My only other choice is to walk the bike up that steep hill, in my toeclip shoes.

OK. Drop my bike at the end of the walkway, right next to the “NO TRESPASSING” sign. I walk up to the front door and hold my hands out far enough to make it clear I have no weapon. Ring the doorbell, and a dog starts yipping. I’m about to give up when a woman’s voice yells, “come get your dog! I hate that dog!”

A man’s voice: “I’m in the bathroom!”

The woman starts to struggle with the door.

“Sorry to bother you,” I say, “and I see the NO TRESPASSING sign, but is that the Great Allegheny Trail behind your yard?”

“Yes it is. Go ahead.”

“Thank you, ma’am.”

I have just 8 1/2 miles to the Eastern Continental Divide, but the gradual climb is no problem. I’m trying to remember whether there was an alternate route around the Big Savage Tunnel, the 11 football field-long underpassage that certainly must be full of snakes.

There is no alternative route, and thanks to the bike lights I carefully recharged last night, I can say there’s no bear, and I didn’t see any snakes. A few cyclists are riding toward me, but I’m solo heading back north. It’s a bit cool with a few drops of rain here and there, and I’m wearing my yellow rain jacket over a light, black zippered hoodie.

I miss the company of Greg and Tom, but I’m enjoying the quiet run back to Pittsburgh. I’ve waived off any opportunities to catch a shuttle for any part of the return trip. Once through the short Continental Divide tunnel, I can enjoy the slight downhill cant, though I keep peddling at a steady pace, as I’m riding 72 miles today, the second-longest stint of the six-day ride.
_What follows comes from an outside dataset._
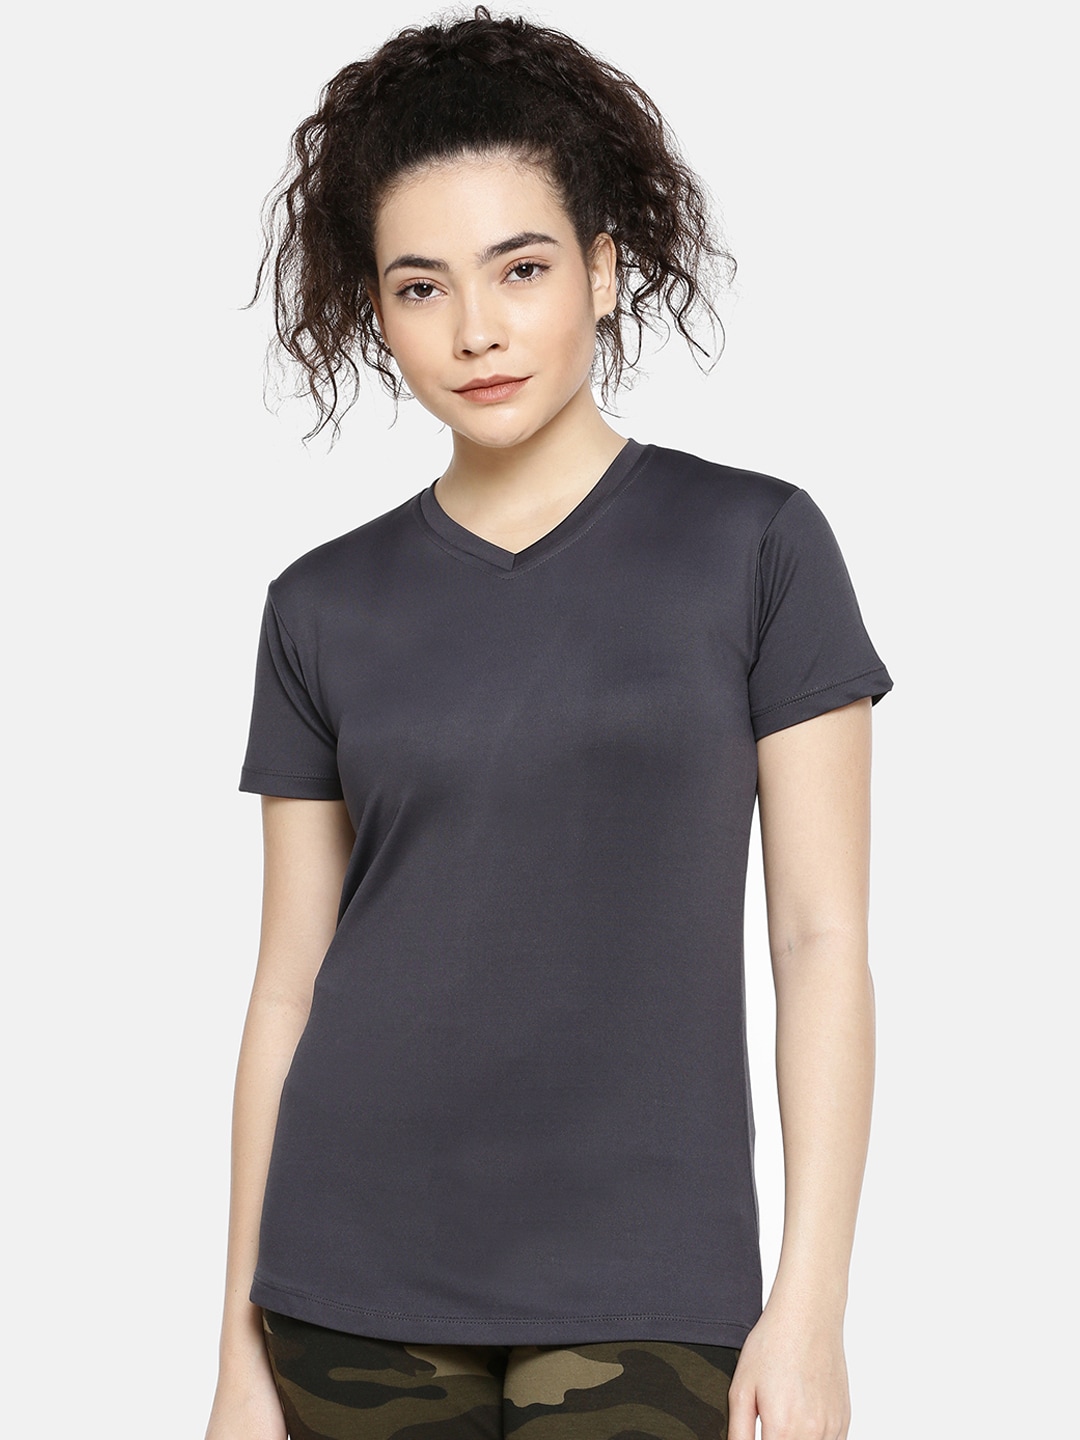 GOLDSTROMS Women Grey Solid V-Neck T-shirt Price in India

My only worries now are my computer, which caught some malware last night on the unsecured Gunther wi-fi, and my phone, which seems to have caught something, too. I can’t dial out.
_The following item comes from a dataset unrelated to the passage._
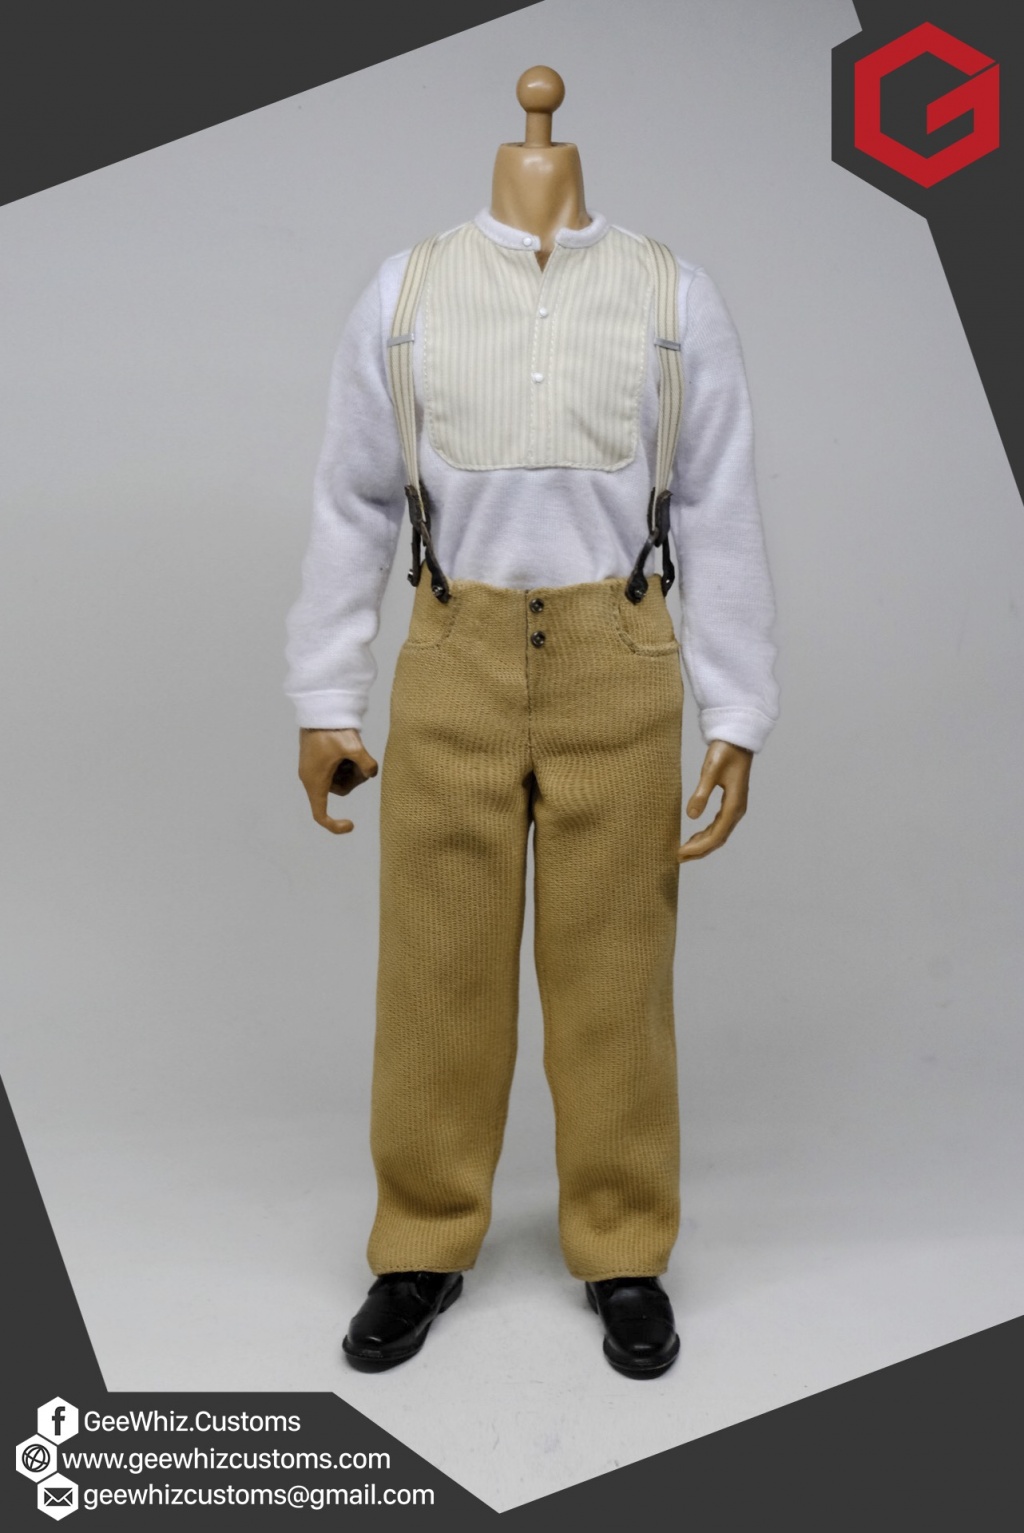 Geewhiz Customs: Jack Dawson 1:6 Scale Outfit

About mile 47, which is 32 miles into today’s ride, I come up on a cyclist holding up a smartphone camera, to my left. Another cyclist is approaching, so I stop to avoid ruining his shot.

“Keep going,” the camera subject says. “I can’t do a high-five if you don’t get into the shot.”
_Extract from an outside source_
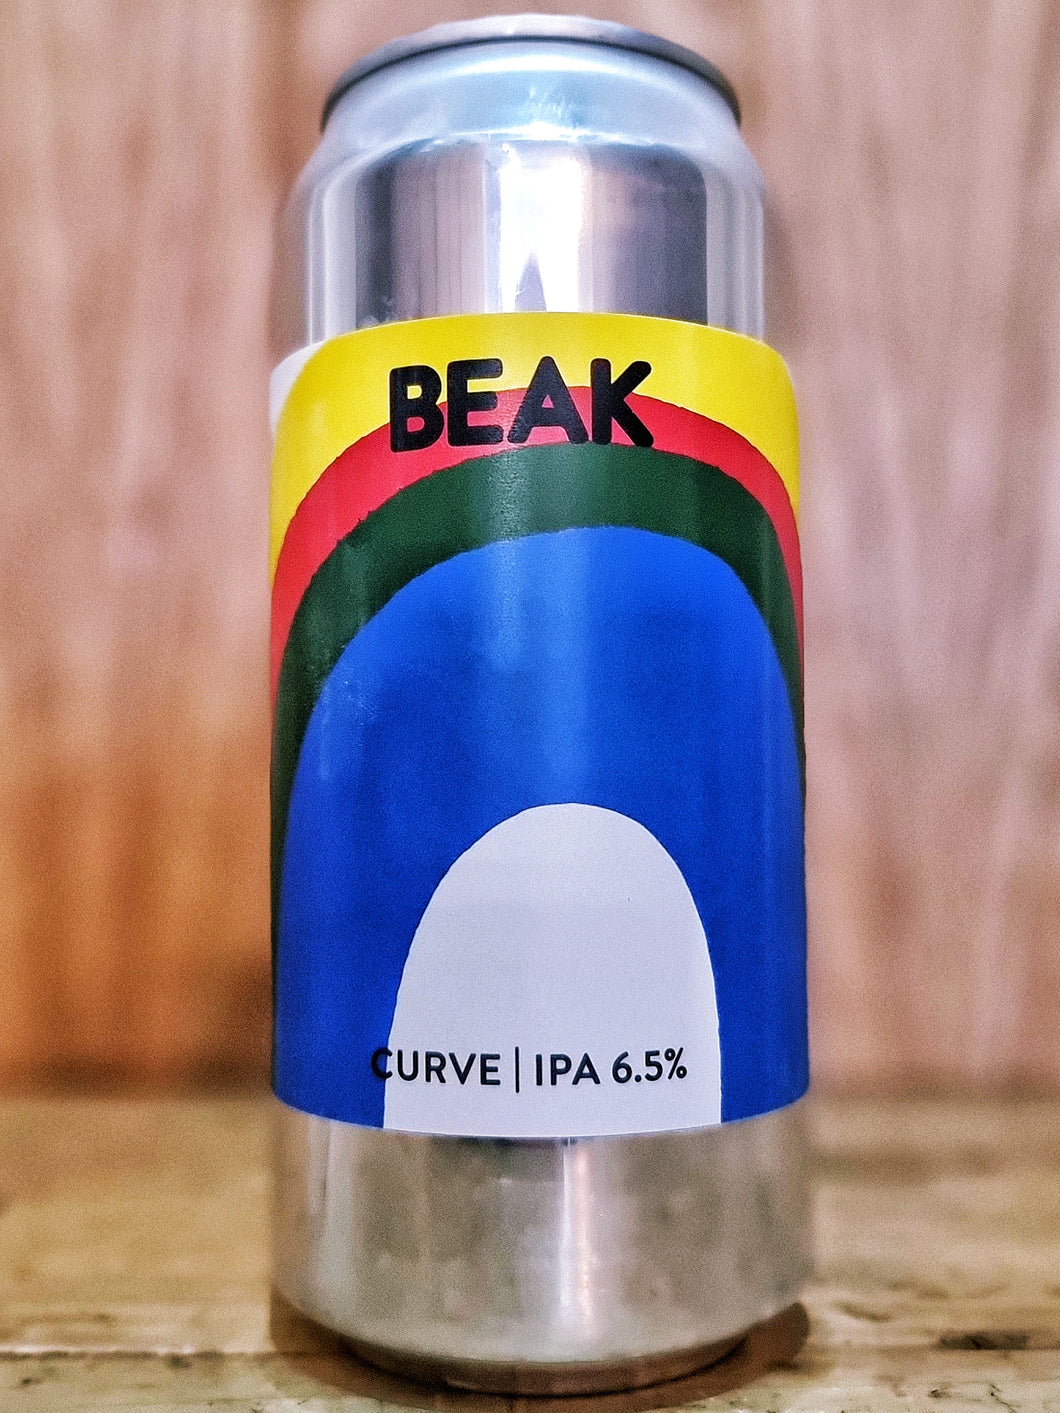 Beak Brewery - Curve

I’m in such a zone, it takes me five miles to figure out that I’ve just high-five’d Hutch, from the Cumberland Trail Connection bike shop.

I cross the tall bridges that pass over the Casselman and Youghiogheny Rivers and back into Confluence, Pennsylvania, where the proprietor of Confluence Cyclery tunes my derailleurs, again, and gives me detailed lessons on how to use the left brake-handle shifter. I’m 47 miles into today’s ride, which means I’ve got 25 to go.

It’s almost 2 o’clock. I could get the Sisters Cafe to stay open late, but the wife in the bike shop’s husband-wife team says the grocery store in town makes great sandwiches, and that sounds like a time-saver.

I enter the grocery store, and one local says to the woman behind the deli counter, “that was a great sandwich you made me yesterday.” Almost sounds like a plant.

It’s not. I begin to order one, and the woman tells me she can’t. The bread man hasn’t arrived yet, today. So it’s packaged cheese-crackers and a Mars bar for me.

The cycle shop has free wi-fi and a laptop, where I send emails to my wife and the office IT guy. I pay $10 for the tune-up and head out. Half a mile out of town, my IT guy calls. My phone somehow turned on the blind-user’s mode, which means you have to tap the numbers twice to enter the security code. He tells me how to turn off the feature, and says he’ll send me a fix for my laptop, which I can download in my Connellsville B&B tonight.